2.3 NRF/BIG research provided results of a consumer holiday spending survey (USA Today, December 20, 2005). The following data provide the dollar amount of holiday spending for a sample of 25 consumers.
1200, 850, 740, 590, 340, 450, 890, 260, 610, 350, 1780, 180, 850,2050, 770, 800, 1090, 510, 520, 220, 1450, 280, 1120, 200 350
- What is the lowest holiday spending? The highest?
- Use a class width of $250 to prepare a frequency distribution and a percent frequency distribution for the data.
- Prepare a histogram and comment on the shape of the distribution.
- What observations can you make about holiday spending?
1200, 850, 740, 590, 340, 450, 890, 260, 610, 350, 1780, 180, 850,2050, 770, 800, 1090, 510, 520, 220, 1450, 280, 1120, 200, 350

2.4 Construct a stem-and-leaf display for the following data.
70, 72, 75, 64, 58, 83, 80, 82, 76, 75, 68, 65, 57, 78, 85, 72
2.5 Construct a stem-and-leaf display for the following data.
11.3, 9.6, 10.4, 7.5, 8.3, 10.5, 10.0, 9.3, 8.1, 7.7, 7.5, 8.4, 6.3, 8.8
2.6 A psychologist developed a new test of adult intelligence. The test was administered to 20 individuals, and the following data were obtained.

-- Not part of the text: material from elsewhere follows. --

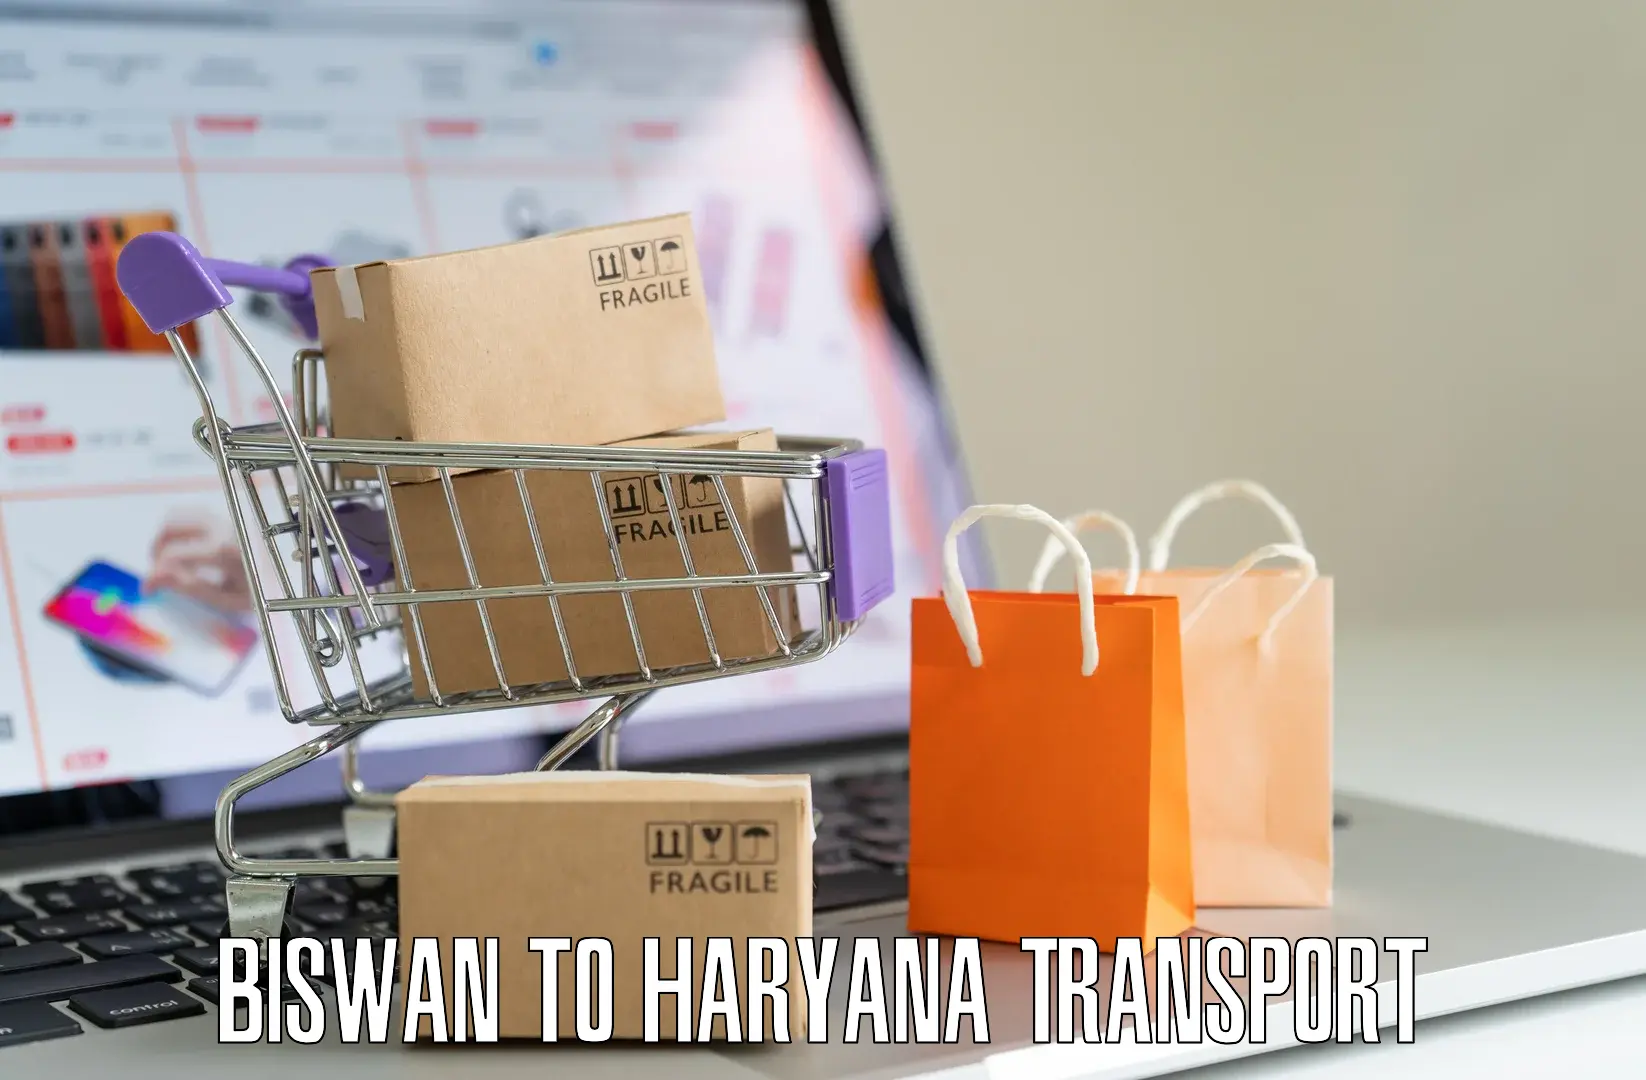 Online transport booking Biswan to Panipat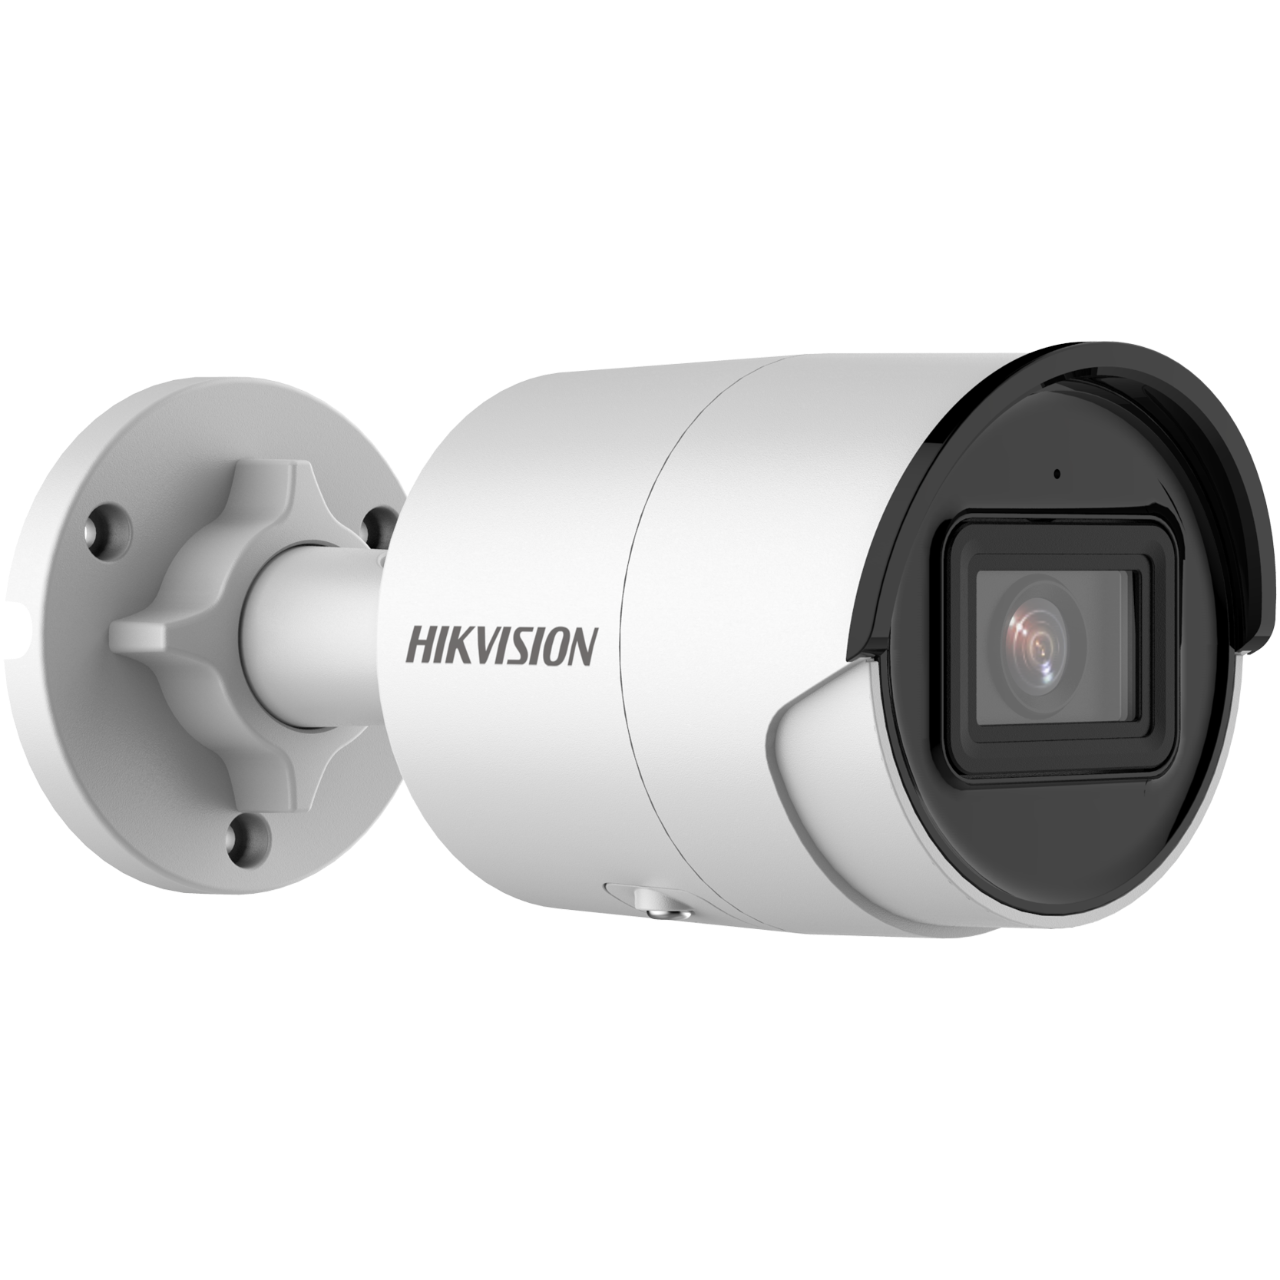 Hikvision DS-2CD3043G2-IU(2.8mm) 4MP Full HD IP Bullet Kamera 120dB WDR mit Mikrofon

114, 99, 131, 124, 117, 102, 106, 127, 119, 115,98, 104, 144, 151, 132, 106, 125, 122, 118, 118
Construct a stem-and-leaf display for the data.
2.4 Line Chart
2.5 Scatter diagram
2.6 Case Study: Lifestyle Indicators and Preferences
You’re given data from a cross-sectional survey of 30 individuals. Variables include Age, Gender, Monthly Income, Hours of Exercise/Week , Fitness Level, Favorite Fruit and Temperature preference. This data-set enables practice with data visualization, scale classification, and relationship analysis using tools like bar charts, scatter plots, and histograms.
| ID | Age | Gender | Monthly Income (USD) | Hours of Exercise/Week | Favorite Fruit | Fitness Level | Temperature Preference (°C) |
|---|---|---|---|---|---|---|---|
| 1 | 25 | Male | 1520.75 | 2.5 | Mango | Fair | 23 |
| 2 | 32 | Female | 2280.50 | 1.2 | Apple | Poor | 22 |
| 3 | 20 | Male | 925.10 | 4.8 | Banana | Good | 19 |
| 4 | 29 | Female | 1980.90 | 3.3 | Orange | Fair | 22 |
| 5 | 40 | Male | 3055.45 | 0.7 | Apple | Poor | 21 |
| 6 | 23 | Female | 1425.00 | 5.9 | Mango | Excellent | 20 |
| 7 | 37 | Male | 3625.80 | 2.1 | Banana | Fair | 18 |
| 8 | 31 | Female | 2520.00 | 1.5 | Apple | Poor | 27 |
| 9 | 27 | Male | 1685.25 | 3.7 | Orange | Good | 22 |
| 10 | 22 | Female | 1190.00 | 6.2 | Mango | Excellent | 19 |
| 11 | 34 | Male | 3180.45 | 0.0 | Banana | Poor | 24 |
| 12 | 26 | Female | 1830.60 | 4.3 | Orange | Good | 19 |
| 13 | 39 | Male | 3999.00 | 1.4 | Apple | Fair | 22 |
| 14 | 24 | Female | 1335.75 | 5.6 | Banana | Excellent | 26 |
| 15 | 28 | Male | 2125.35 | 2.2 | Mango | Fair | 27 |
| 16 | 33 | Female | 2885.50 | 3.1 | Orange | Good | 22 |
| 17 | 21 | Male | 960.00 | 6.0 | Apple | Excellent | 18 |
| 18 | 30 | Female | 2190.00 | 1.7 | Banana | Fair | 27 |
| 19 | 36 | Male | 3425.90 | 2.3 | Mango | Fair | 27 |
| 20 | 29 | Female | 1920.40 | 4.5 | Orange | Good | 20 |
| 21 | 35 | Male | 3095.25 | 3.0 | Apple | Good | 23 |
| 22 | 22 | Female | 1125.00 | 5.1 | Banana | Excellent | 27 |
| 23 | 38 | Male | 4180.60 | 1.8 | Mango | Fair | 22 |
| 24 | 30 | Female | 2590.00 | 2.4 | Orange | Fair | 20 |
| 25 | 41 | Male | 3540.85 | 0.9 | Apple | Poor | 22 |
| 26 | 28 | Female | 1875.50 | 4.0 | Banana | Good | 24 |
| 27 | 24 | Male | 1275.00 | 6.7 | Mango | Excellent | 21 |
| 28 | 31 | Female | 2390.25 | 3.5 | Orange | Good | 25 |
| 29 | 36 | Male | 2965.80 | 2.6 | Banana | Fair | 22 |
| 30 | 21 | Female | 985.00 | 5.4 | Apple | Excellent | 25 |
Tasks
Identify the scale of measurement of each variable.
Construct suitable graph/chart for variables like gender, fitness level etc.
Construct relative frequency histogram for variables like age, Monthly Income (USD), etc. Describe what you have learned.
Plot Hours of Exercise/Week vs Temperature Preference (°C). What is your conclusion.
Draw the scatter plot of Monthly Income vs Hours of Exercise/Week. Is there any relation?
Cross-tabulation
- Make a cross-tabulation between Gender and Favorite Fruit. Show the result in a stacked bar-chart.
- Make a cross-tabulation between Favorite Fruit and Fitness Level. Show the result in a stacked bar-chart.